El espesor de las palabras

Imagen extraída de https://www.muyinteresante.es/cultura/arte-cultura/fotos/

Tiempos de pantalla. Tiempos de cuerpos temerosos y alejados. De cuerpos que sufren pero aceptan el bien comun. Tiempo de cuerpos que gritan por volver para abrazarse para ver la cantidad «likes» que tendrán las primeras fotos del reencuentro. 

Un tiempo en el que las palabras cobran otro espesor, otra textura. Palabras que más que nunca parecen alejarse de la acción. Palabras detrás del velo, del agua, del espejo que magnifica, empequeñece u oculta la intención.

Y todo llega y se envía a través de esas palabras sin rostro que encuentran en la distancia el campo fertil del odio y el desencuentro. Palabras mal dichas o mal escuchadas. Da lo mismo. ¿Da lo mismo? El mensaje se pierde en la profundidad del desconcierto.

En tiempos en donde reina la palabra «pandemia» suena la voz de un médico que confirma mi enfermedad a través de la brevedad de un «positivo». Resuenan las palabras que impiden a mi esposa volver a casa por las «posibles complicaciones» de su estado. Y los cuerpos se separan aun más. Se suma la palabra «miedo» extendida en un tiempo interminable.

Días de soledad que se coronan con un  llamado telefónico que suma la palabra «muerte» a la lista. Y un padre que se fue en una indigna soledad propia de estos tiempos y que nos dejó quizás muchas palabras sin decirnos ni decirle. Palabras vestidas de silencios largos que prefirieron alejarse, pero seguiran resonando en algun recuerdo, hasta que las dejemos sanar.

Todo se resignifica a partir de los hechos. Todas las palabras que se escuchan alrededor pierden espesor, pierden substancia. En la soledad y la espera escucho. Se entienden y se valoran los silencios. Se descartan las presencias forzosas que se desnudan en las frases hechas. Mientras las palabras lo siguen inundando todo. El filtro del dolor parece dar nuevo sentido a algunas cosas y reafirmar otras.
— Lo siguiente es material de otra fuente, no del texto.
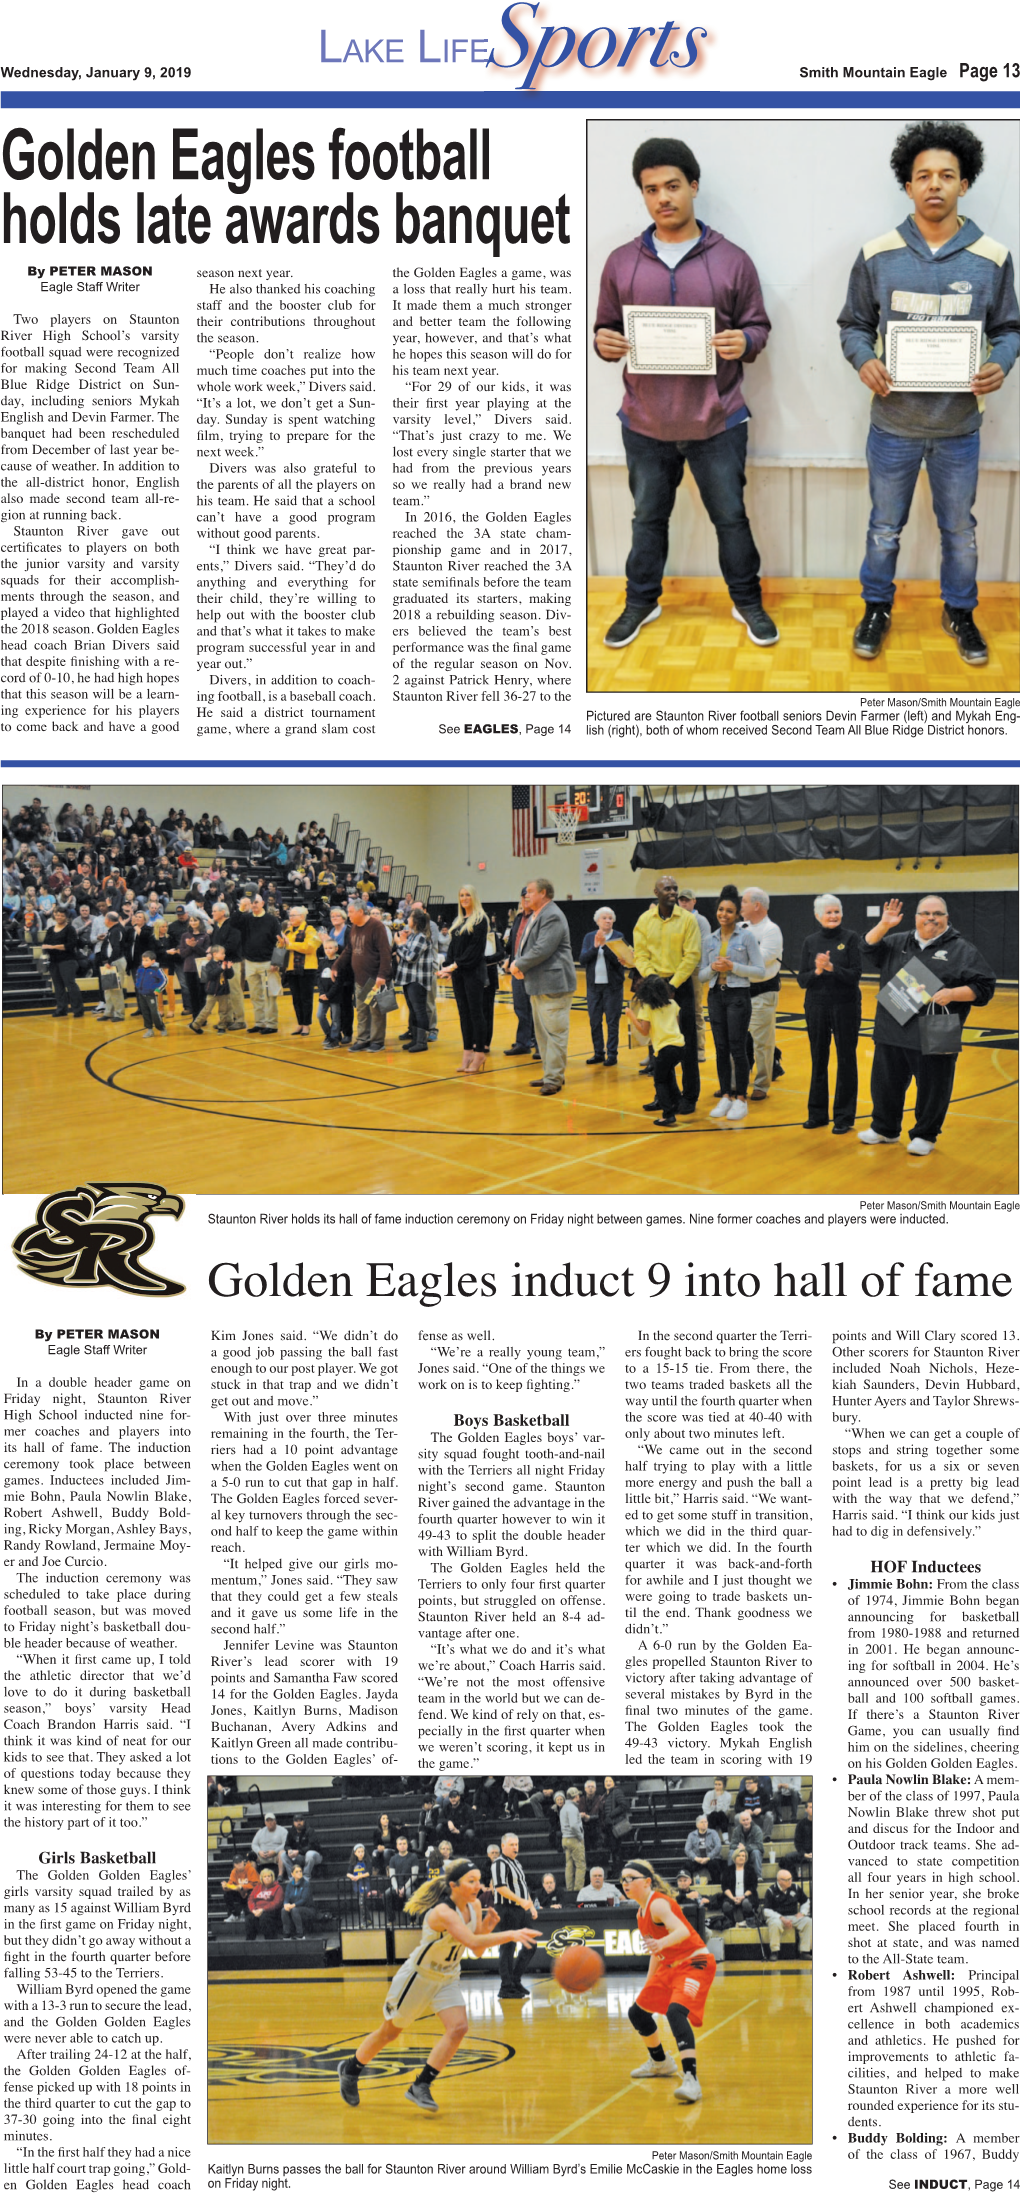 Golden Eagles Football Holds Late Awards Banquet by PETER MASON Season Next Year

Escucho. Leo. La palabra implica un hacerse cargo que parece haber quedado en el olvido. Se habla, se acusa, se miente, se repiten palabras que sin el sustento de los hechos pierden volumen y son cenizas en el viento. Nadie es dueño de las palabras, las arrojan cortando el aire de la verdad, desangrándola. Y nadie admite las consecuencias. Palabras que se vuelven criminales en boca de los que saben su poder. Y no hay consecuencias.
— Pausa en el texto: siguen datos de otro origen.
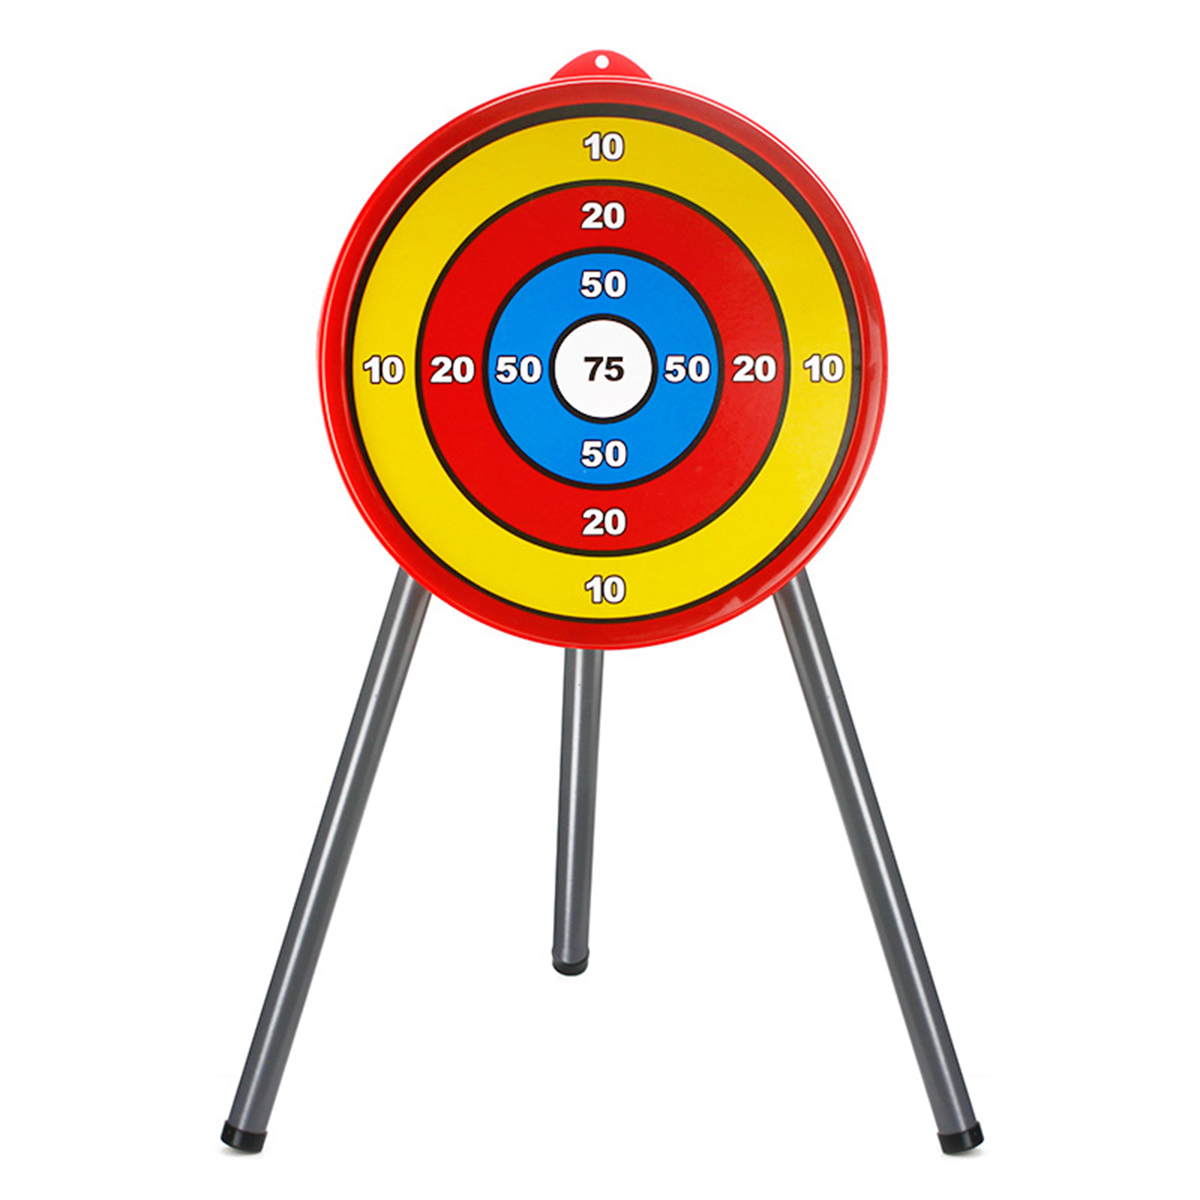 Classic-Archery-Shoot-Game-Set-Develop-Skill-Novelties-Toys-for-Young-Kids-1690766-5
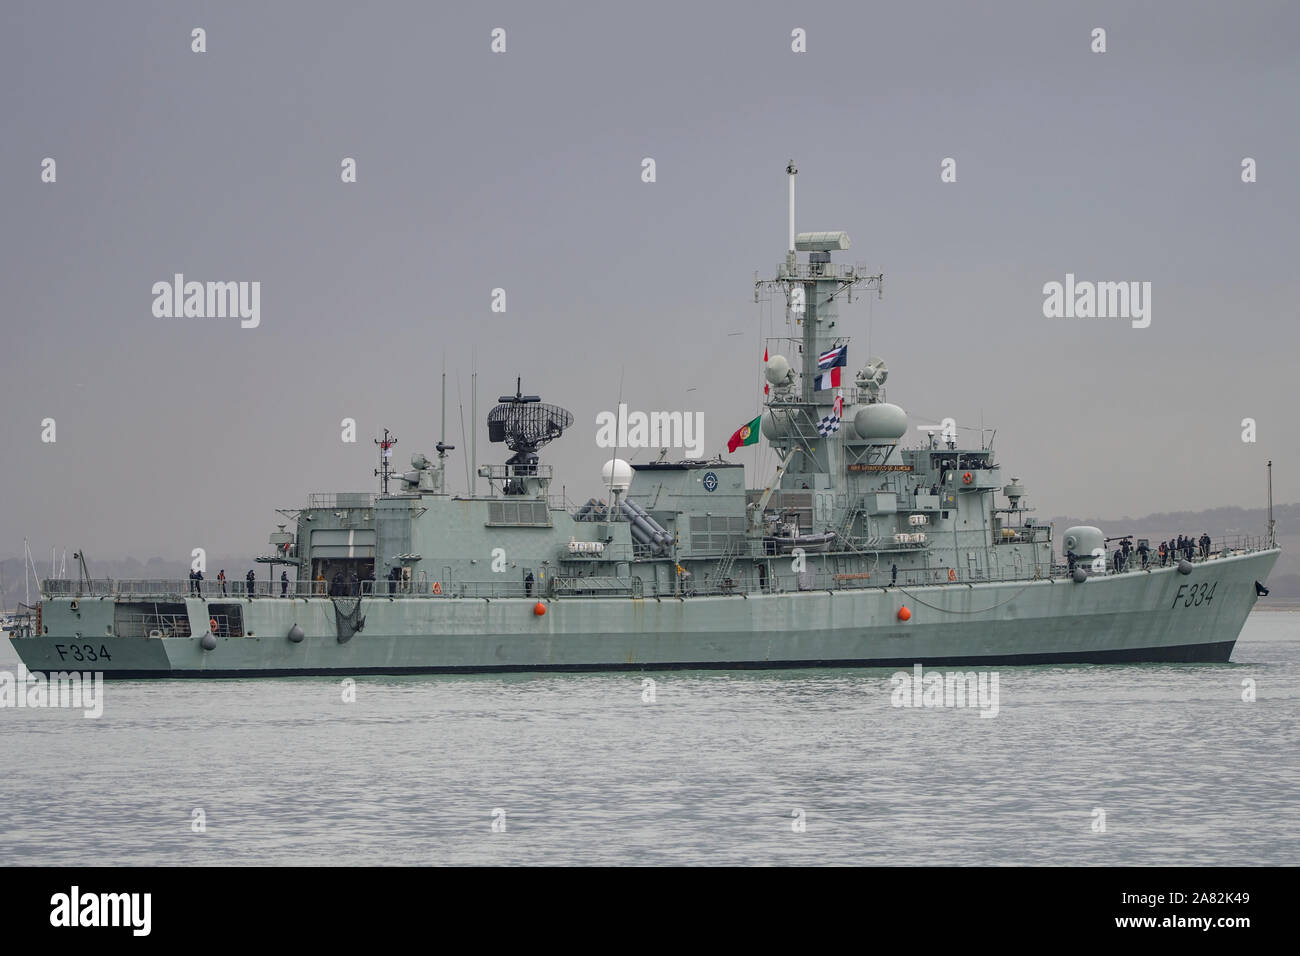 The Portuguese Navy frigate NRP D. Francisco de Almeida (F334) seen on arrival in Portsmouth Harbour, UK on the 4th November 2019. Stock Photo

Siento, o necesito sentir que es hora de comenzar a moldear de nuevo las palabras, de empezar el trabajo del alfarero, de buscar su sombra fresca y reconfortante, que sean punta de lanza de la acción reparadora, no más del filo herrumbrado de la mentira. Pero sobre todo de hacer silencio si no hay qué decir, y de afinar el oído ante los que profetizan el caos, de los que buscan en nuestra complacencia la mecha que encienda el desencuentro.
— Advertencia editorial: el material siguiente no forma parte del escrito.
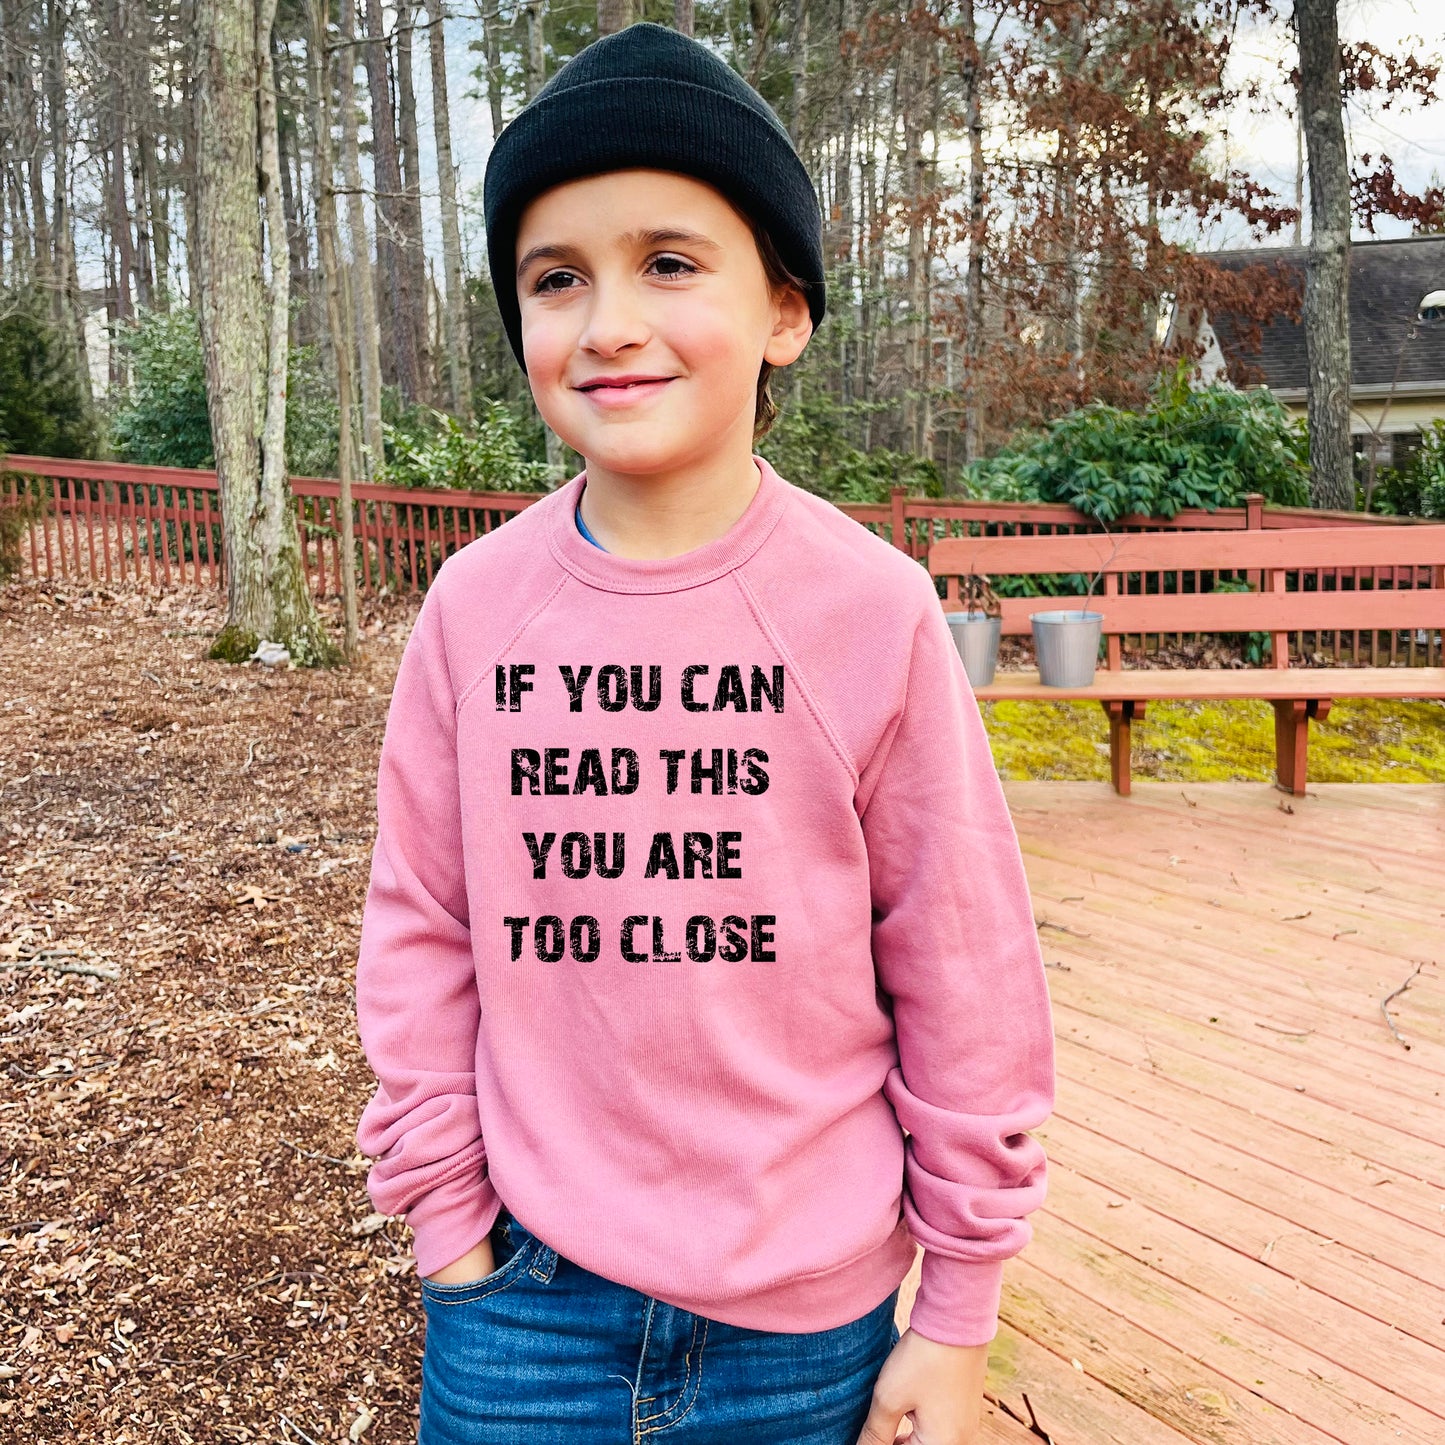 If You Can Read This You Are Too Close - Kid's Sweatshirt - Heather Gray or Mauve

Si no desandamos el camino de la palabra y no buscamos de nuevo su verdera dimensión, será lo mismo la muerte que la vida, no importará el fuego que todo lo arrasa por unos billetes, el chico que muere de hambre en medio del Chaco, el que sobrevive pero estará condenado a la esclavitud del mérito capitalista. Vestimos de «normalidad» la bomba que cae sobre los niños de Siria. No parecen importar las muertes lejanas y silenciosas, porque la imagen nos mostró el show macabro y palabras nos alejaron de todo. Es más facil el lamento estéril, que también es muerte lenta. Total todo parece suceder lejos, a través de la pantalla. Hasta que nos toca.

Ya no hay tiempo para las palabras vacías. El mundo se cansó de esperarnos.